There are quite a few packages available that we can use:

- apiai
- assemblyai
- google-cloud-speech
- pocketsphinx
- SpeechRecognition
- watson-developer-cloud
- wit


`apiai` and `wit`are very powerful packages that come with the capability to perform `sentiment analysis`, which is beyond speech recognition. we will discover them later, but for now they are not what we're looking for. 

We will use `SpeechRecognition` for this tutorial.

Recognizing speech requires audio input, and SpeechRecognition makes retrieving this input really easy. Instead of having to build scripts for accessing microphones and processing audio files from scratch, SpeechRecognition will have you up and running in just a few minutes.

In [1]:
!pip3 install SpeechRecognition



In [2]:
import speech_recognition as sr

In [3]:
sr.__version__

'3.8.1'

In [4]:
r = sr.Recognizer()

In [5]:
harvard = sr.AudioFile('harvard.wav')

In [6]:
with harvard as source:
    audio = r.record(source)

In [7]:
type(audio)

speech_recognition.AudioData

In [8]:
r.recognize_google(audio)

'the still smell of old beer lingers it takes heat to bring out the odour a cold dip restores health exist a salt pickle taste fine with him as well past or my favourite exist for food is the hot cross bun'

In [9]:
with harvard as source:
    audio = r.record(source, duration=4)
r.recognize_google(audio)

'the stale smell of old beer lingers'

In [10]:
r.recognize_google(audio,show_all=True )

{'alternative': [{'transcript': 'the stale smell of old beer lingers',
   'confidence': 0.93410623},
  {'transcript': 'the stale smell of old beard lingers'},
  {'transcript': 'the still smell of old beer lingers'},
  {'transcript': 'the stale smell of old beer drinkers'},
  {'transcript': 'the stale smell of old beer Lingus'}],
 'final': True}

#### Now we want to get audio from our device's microphones.
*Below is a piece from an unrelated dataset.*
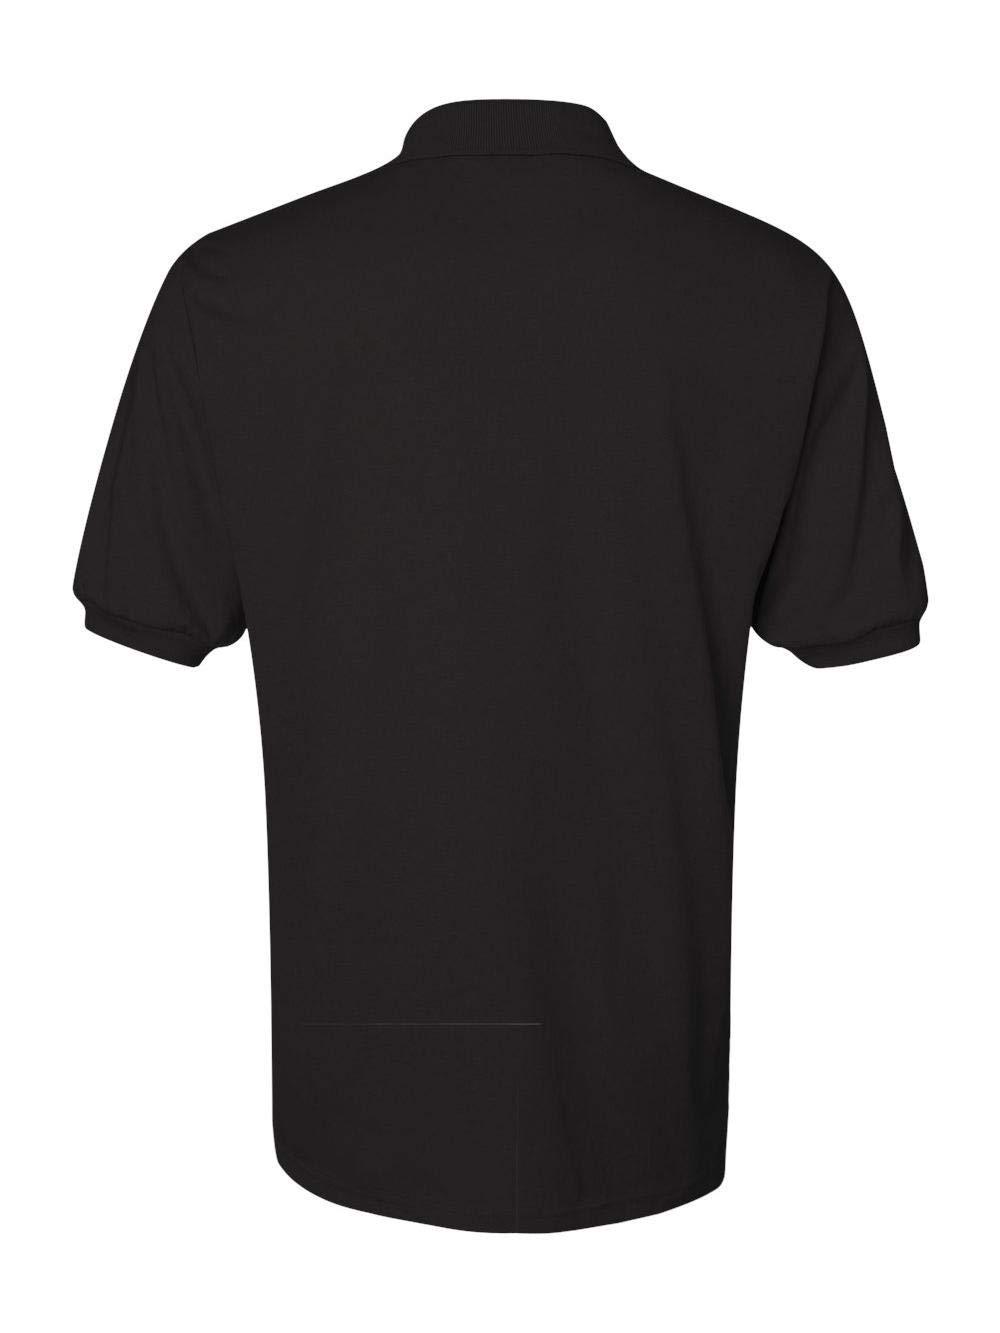 Jerzees Men's Spot Shield Short Sleeve Polo Sport Shirt, Black X-Large by Jerzees (Image #4)

For that, we need to install another library.


#### For macOS, first you will need to install PortAudio with Homebrew, and then install PyAudio with pip:

- brew install portaudio
- pip install pyaudio

#### On Windows, you can install PyAudio with pip:

- pip install pyaudio

In [None]:
!pip install pyaudio

NOTE : In case you get an error on mac or windows, run the following:

In [None]:
!pip install --global-option='build_ext' --global-option='-I/usr/local/include' --global-option='-L/usr/local/lib' pyaudio


### Testing the module

In [11]:
!python -m speech_recognition

A moment of silence, please...
Set minimum energy threshold to 216.89411248853793
Say something!
Got it! Now to recognize it...
You said hello
Say something!
Got it! Now to recognize it...
You said so what's happening what's happening
Say something!
^C


In [12]:
import speech_recognition as sr

In [13]:
r = sr.Recognizer() #Creating another instance

In [14]:
mic = sr.Microphone()

In [15]:
with mic as source:
    audio = r.listen(source)

In [16]:
r.recognize_google(audio)

'hi this is an audio'

Cool! we got everything working. It was easier that you thought, I bet!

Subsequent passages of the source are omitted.